Übergewicht zählt in der heutigen Zeit zum Alltag. Trotz der weiten Verbreitung gilt es aber weiterhin als unschön und wird von den Betroffenen meist mit allen zur Verfügung stehenden Mitteln bekämpft.

Während das Fett bei einigen Menschen nach einer Ernährungsumstellung schnell schmilzt, resignieren andere ob der Fruchtlosigkeit all ihrer Abnehmbemühungen. Kann der weitgehende Verzicht auf Kohlenhydrate beim effektiven Abnehmen helfen?

Funktioniert Abnehmen gut, wenn man Kohlenhydrate reduziert?

Die kurze Antwort lautet „Ja“. Auch hartnäckige Fettpolster lassen sich durch den Verzicht auf Kohlenhydrate effektiv beseitigen. Warum dem so ist und welche Faktoren beim Abnehmen ohne Kohlenhydrate zu beachten sind, soll in den folgenden Zeilen erläutert werden.

Zunächst ist zu klären, aus welchem Grund Kohlenhydrate prädestiniert sind, uns dick zu machen. An dieser Stelle ist eine Betrachtung des Wesens der Kohlenhydrate unerlässlich. Denn was sind Kohlenhydrate eigentlich? Kaum ein Abnehmwilliger kann diese Frage präzise beantworten.

Die Antwort ist indes recht einfach: Kohlenhydrate sind letztendlich Ketten aus Zuckermolekülen. Unterschieden wird zwischen der Länge der Kette, d.h. der Anzahl der Zuckerteile eines Moleküls.

Kurzkettige und langkettige Kohlenhydrate

Kurzkettige Kohlenhydrate, allen voran die sogenannte Einfachzucker, sind für unsere Gesundheit mit Vorsicht zu genießen. Sie können nicht nur dick, sondern auch krank machen. Klassischer Vertreter dieser einfachen Kohlenhydrate ist der gewöhnliche Haushaltszucker. Darüber hinaus zählt auch der von uns gemeinhin sehr geschätzte Traubenzucker zu den einfachen Kohlenhydraten.

Einfache bzw. kurzkettige Kohlenhydrate werden durch die kurze Zuckerkette definiert. Im schlechtesten Falle handelt es sich um einen Einfachzucker, was bedeutet, dass ein einzelnes Zuckermolekül vorliegt. „Einfachzucker“ bedeutet letztendlich also nichts anderes als „reiner Zucker“.

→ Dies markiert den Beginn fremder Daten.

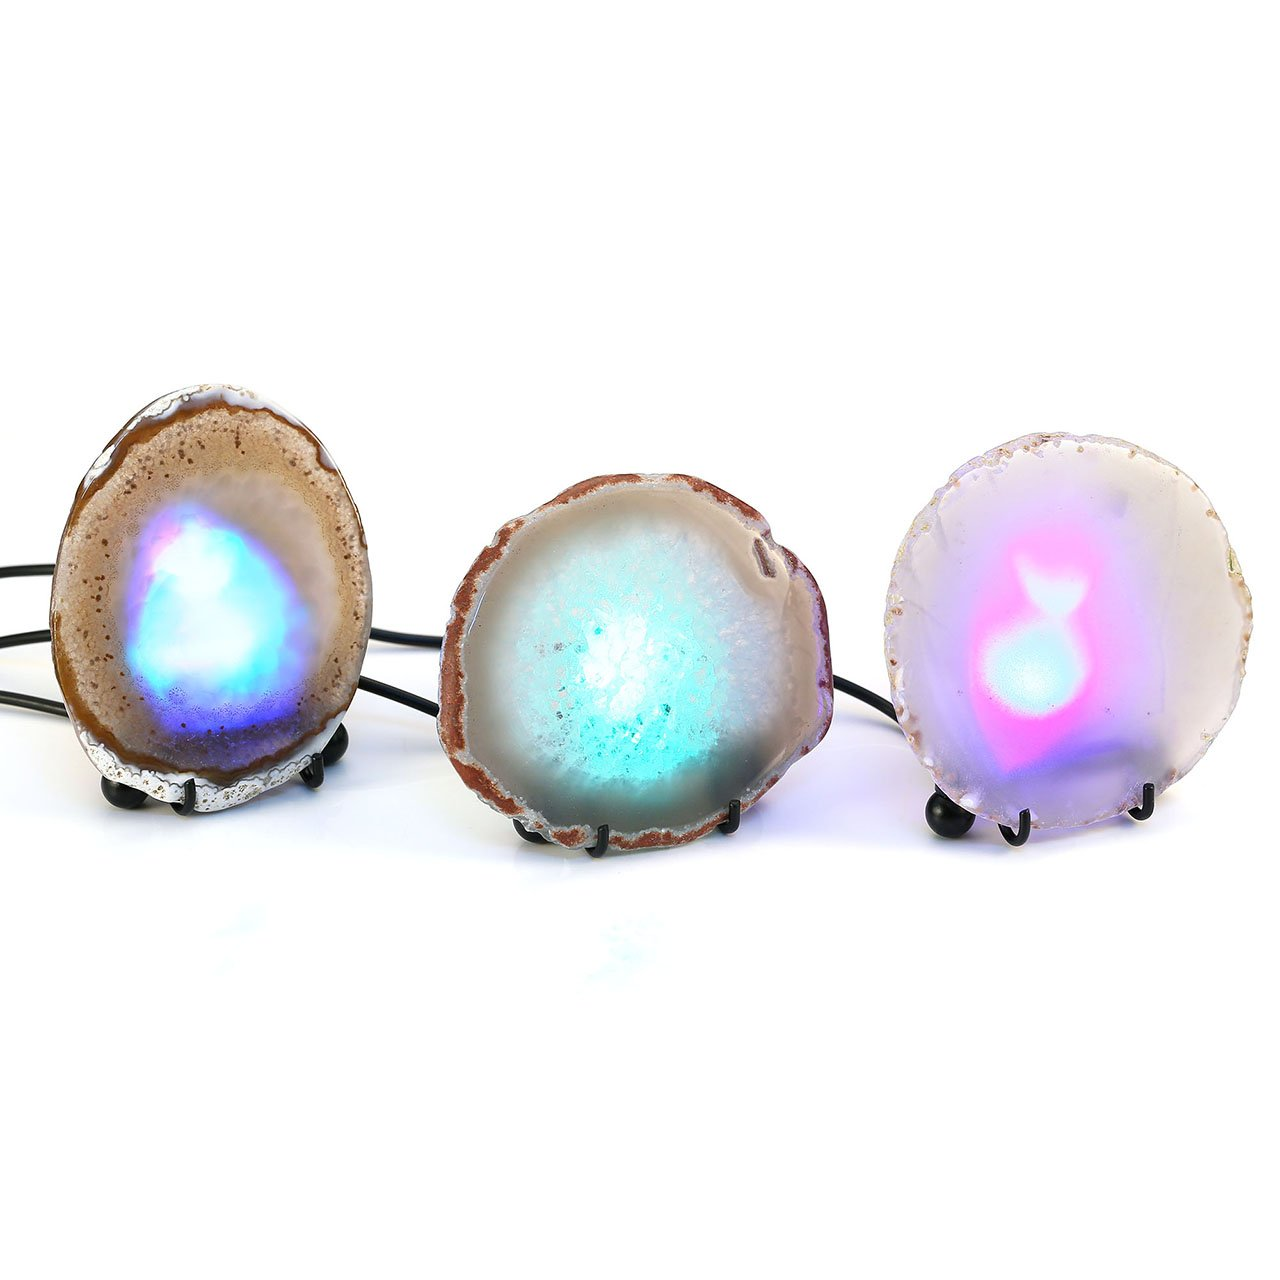 Dyed Blue Mineral Rock Geode Druzy Slice LED Night Lamp Desk Table Lamp W//USB Interface QGEM Natural Agate Slice Nightlight

Je länger und damit komplexer Kohlenhydrate werden, desto sinnvoller sind ihre Auswirkungen auf unsere Gesundheit. Komplexe Kohlenhydrate, die aus vielen aneinandergereihten Zuckermolekülen bestehen, finden sich vor allem in Lebensmitteln, die wir gemeinhin für gesund halten. Hülsenfrüchte und Vollkornprodukte enthalten etwa zahlreiche komplexe Kohlenhydrate.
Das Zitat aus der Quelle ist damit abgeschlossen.